Richard Shann <richard.sh...@virgin.net> writes:

> If you can read music fluently and have a lot of music to enter
> sequentially into LilyPond then Denemo gives you a way of leveraging
> your sight-reading skill to enter the music by allowing you to enter it
> "in music time" - that is you can keep track of where you are in the
> music entry process because you are reading and playing the music as
> music, not as a set of letters with numbers, dots, apostrophes etc. 

Allow me to make another suggestion.

Almost 30 years ago I used a music program on Macintosh. I forgot the
name but I think I may still be able to find the 400KB floppy somewhere
in my attic :).

This program had a way to enter music quite fast. It went like this:

Set a default note duration, e.g. quarter.

Then, with the mouse, click on the score. A quarter note appears on the
spot. This is how all programs work. BUT: without lifting the button, a
small drag to the left made the duration shorter: 4 - 8.. - 8. - 8 -
16.. - 16. - 16 etc.

Likewise, a small drag to the right made the duration longer: 4. - 4..
- 2 etc.

Important is that such a drag changes the duration of this note only.
The next note entered will be a quarter again.

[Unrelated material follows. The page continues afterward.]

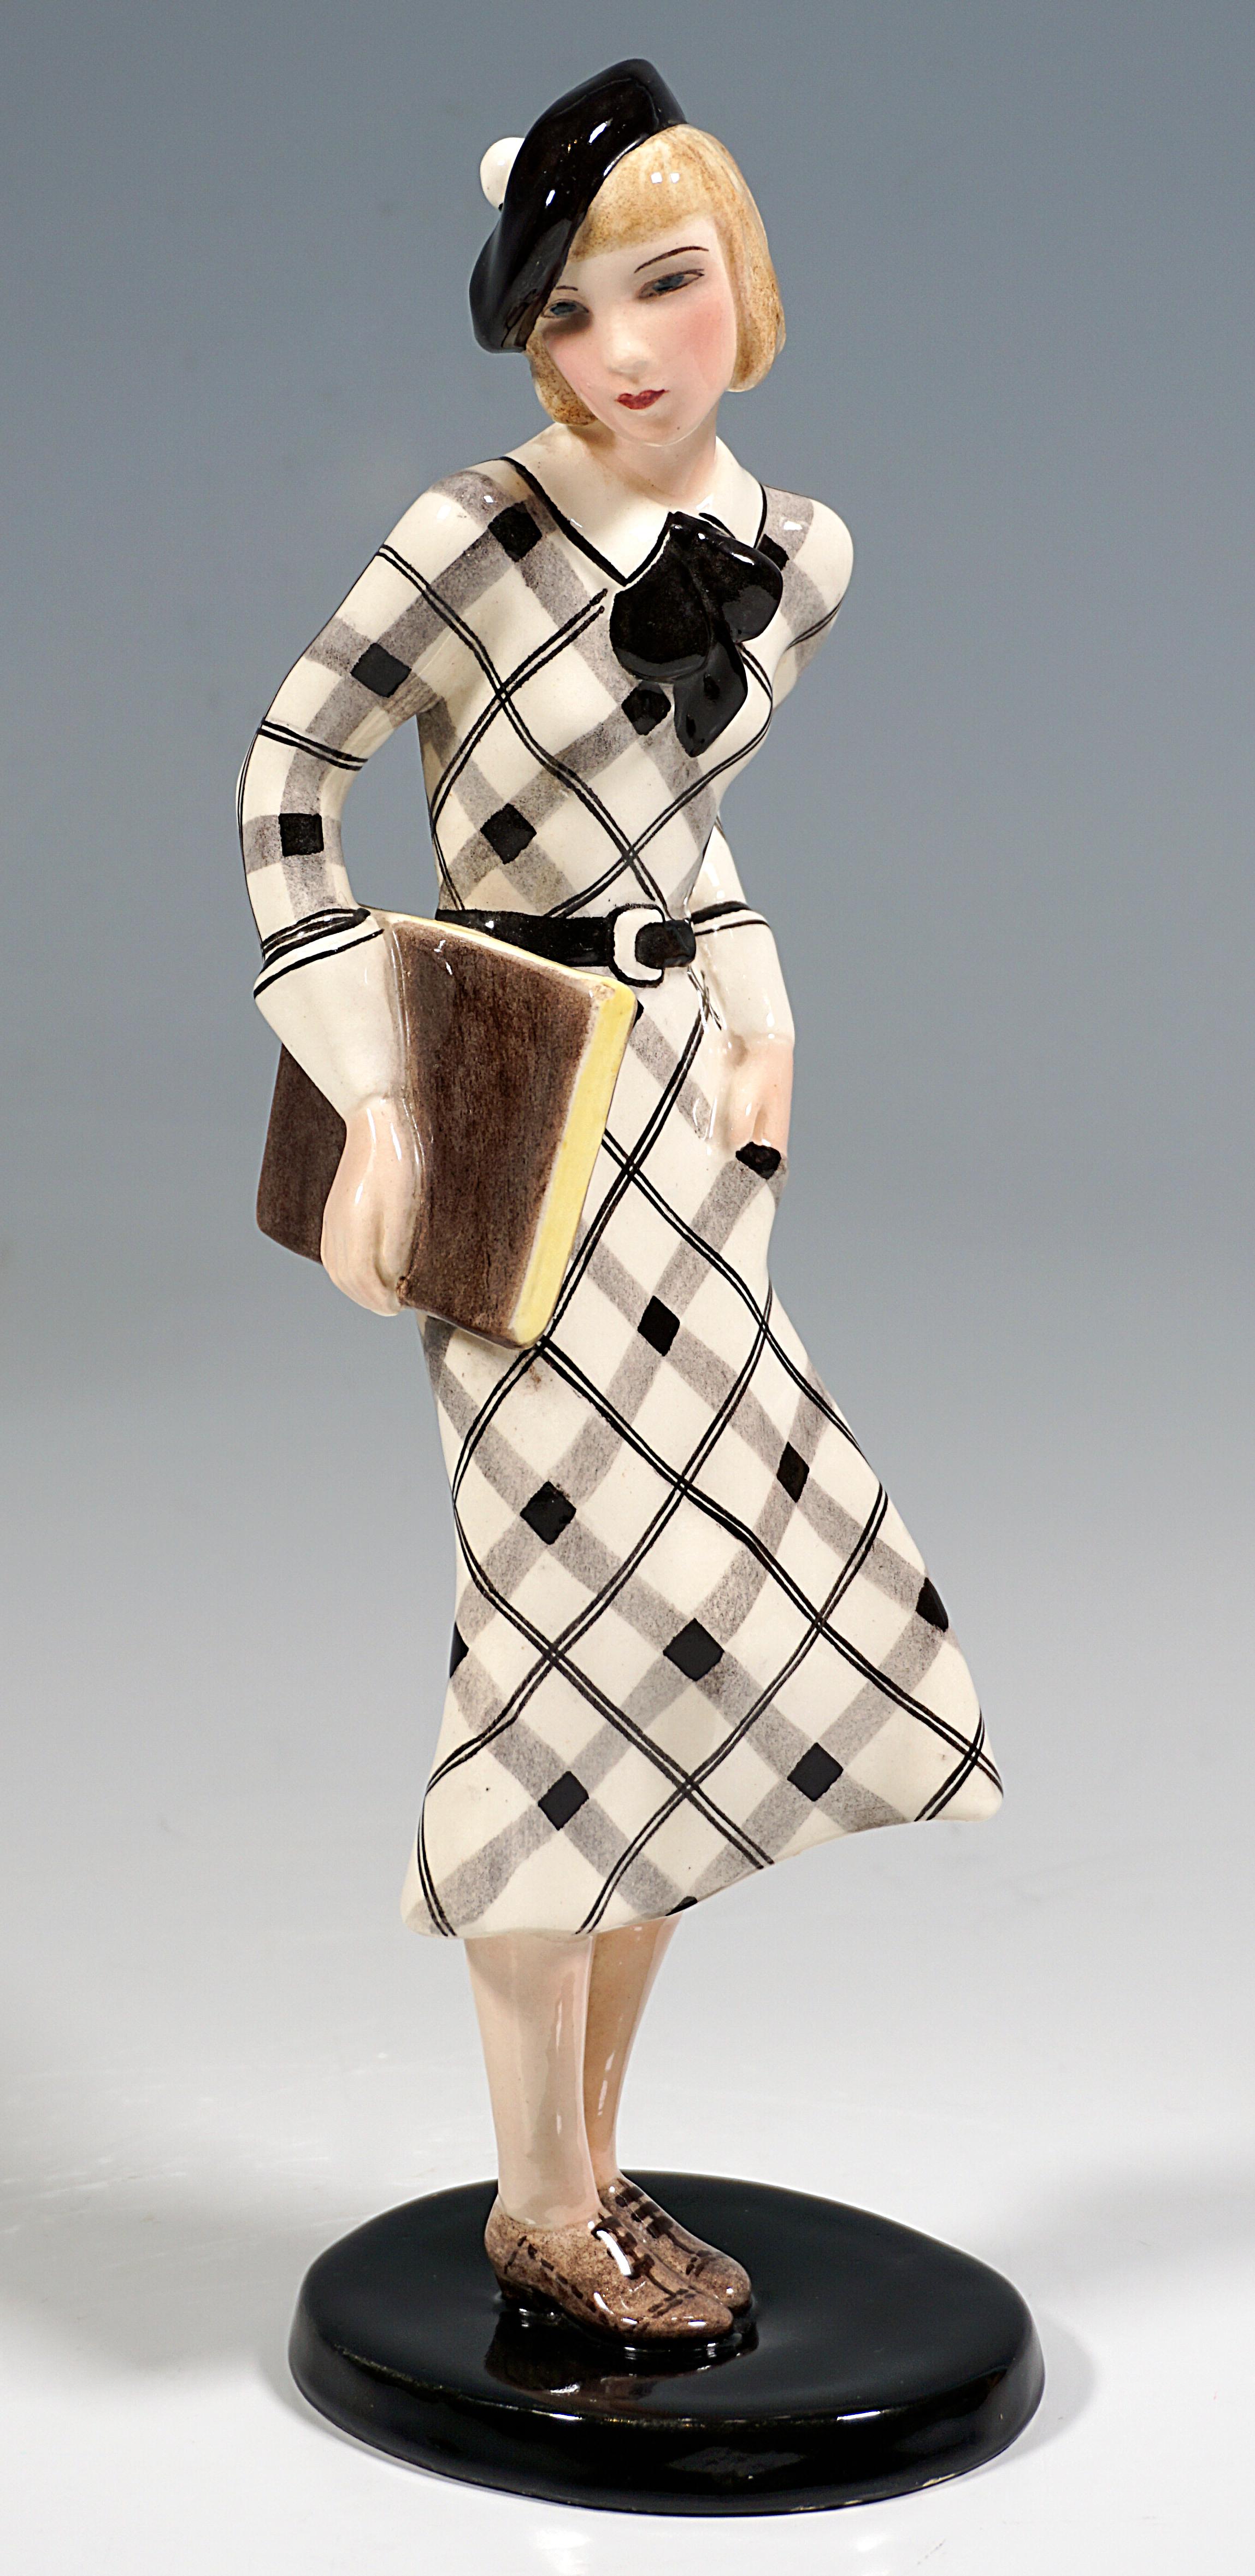 Hand-Crafted Goldscheider Art Déco Figurine, Girl With Beret And Folder, Claire Weiss, c 1935

You could also drag up and down. A small drag up adds a sharp (or a
natural if it was a flat, and a further drag adds the sharp). Likewise,
a small drag down adds a flat etc. Basically you could drag the note to
any pitch.

It was possible to enter music at a speed I never managed to accomplish
with any of the modern GUI based tools.

Maybe this is something to add to denemo?